We saw many Gentoo while on our ship, fishing in the waters nearby. But now I stand so close to them,
I can see them feed their young, fight for their precious nesting rocks and squabble over the right of way. Naturally cameras click all around me. The stink however permeates our noses, the residue of their lunches or breakfasts having been processed and expelled all over the place really stinks. We step through washes of mostly red guano; we watch raw Nature. We watch the birds in their normal environment.
A look across the bay, across the waters has penguins coming and going on a constant basis. In the water, out of the water, in the water, out of the water, on and on it goes.

The Gentoo waddle slowly to the edge of the ocean but once in the water they turn into small, black and white torpedoes diving for food. The constant chatter of the young calling for food drives the parents on. It is a marvel to behold. None of the birds seem to have any fear of people. Some folks even got attacked or were harmlessly bitten when they came too close to a nest.
The defense of the birds is so ingrained; they peck at anything close to their nest.

Returning to the Mother Ship for a lunch was good but while having lunch the ship moved on and we, right after lunch took a tour around the Bay in the Zodiacs.
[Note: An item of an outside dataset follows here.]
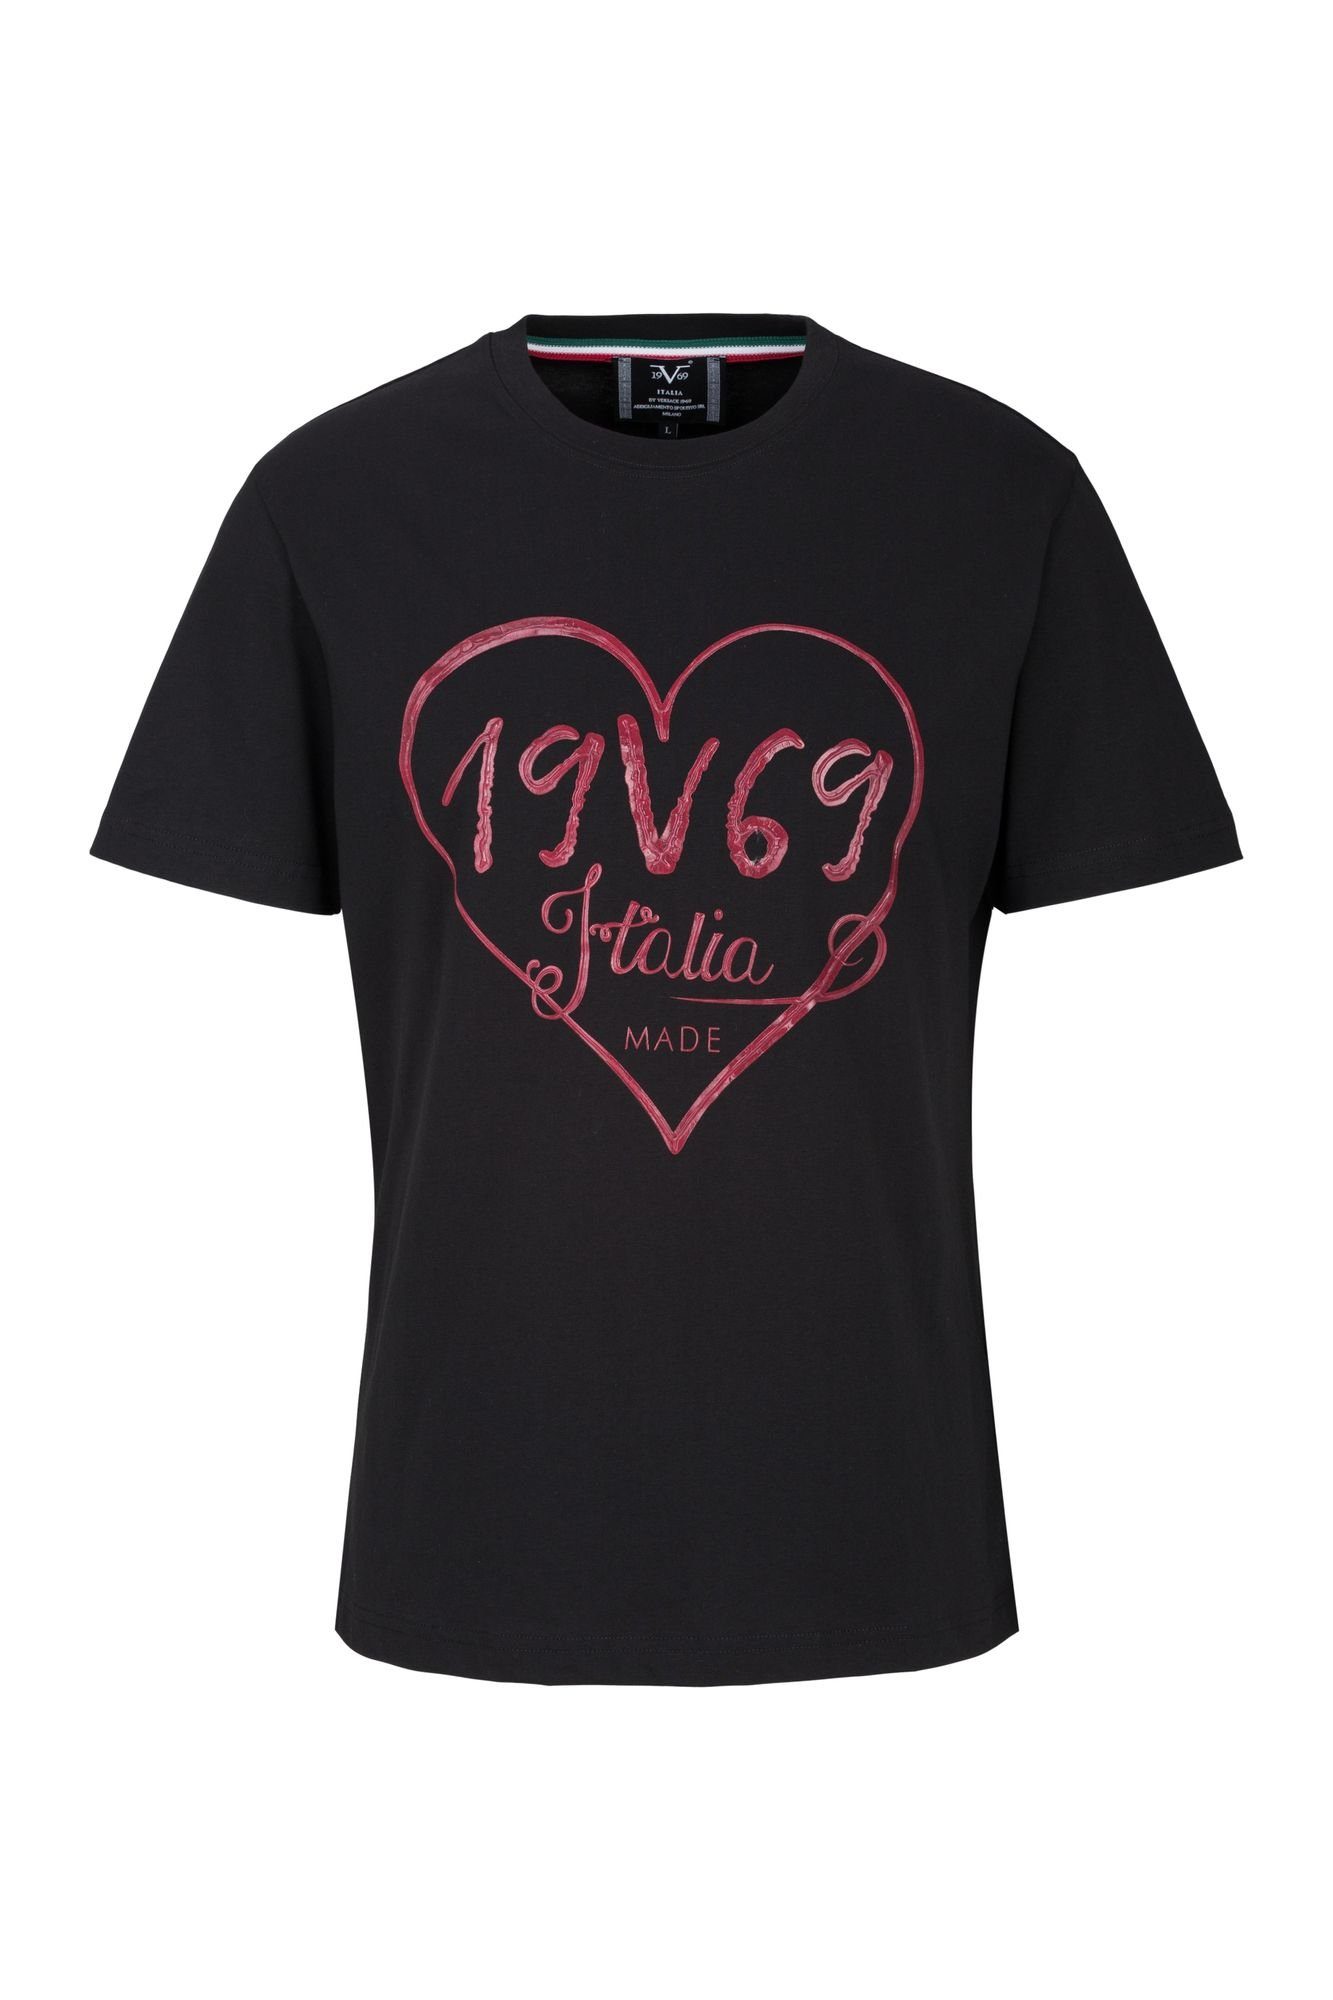 19V69 Italia by Versace Rundhalsshirt by Versace Sportivo SRL - Dario

The purpose was to spot Leopard, Crabeater and Weddel seals in this spot called “Paradise Bay”, known for those species. Naturally we ran into
Humpback Whales instead and saw no seals at all. The whales, a group of maybe four, were close to our Zodiacs and almost within touching distance; simply spectacular.

Back to the Ship for a warm up with a cup of hot chocolate and then out again to visit an outpost of the Chilean Military. This time, while we disembarked, a huge Leopard Seal swam right around and under our Zodiac. This fellow was almost as long as our boat. Aggressive as they are, he tried to bite the propeller just after we stopped. This seal was huge. He was patrolling the shore line waiting for penguins to come close enough to him. Penguins are his main diet and since the Chilean Military station is in between two large rookeries, he had plenty of penguins to chase and eat.

Chile, under the guise of research, stations military personnel to have an established presence should the Antarctic Treaty expire. This way they will keep their territorial claim against Argentina, who has a base not far away from here. The old fight for ‘land’ is a left over from the land disputes between those two countries that created past animosity.

The six men stationed there were happy to see us, the cook on our ship even baked them a cake and gave them some fresh vegetables since those are delicacies on this station far away from the rest of the world. Their tour of duty runs in 6 month intervals and their supplies are normally flown in and dropped from a plane. To see cruise ships, to have them stop for a chat is a treat for the fellows at this base.

For me it was a special treat to visit this spot. This Military base is on the continent of Antarctica, not on an Island. So, these were my first footsteps on Antarctica. Yippee!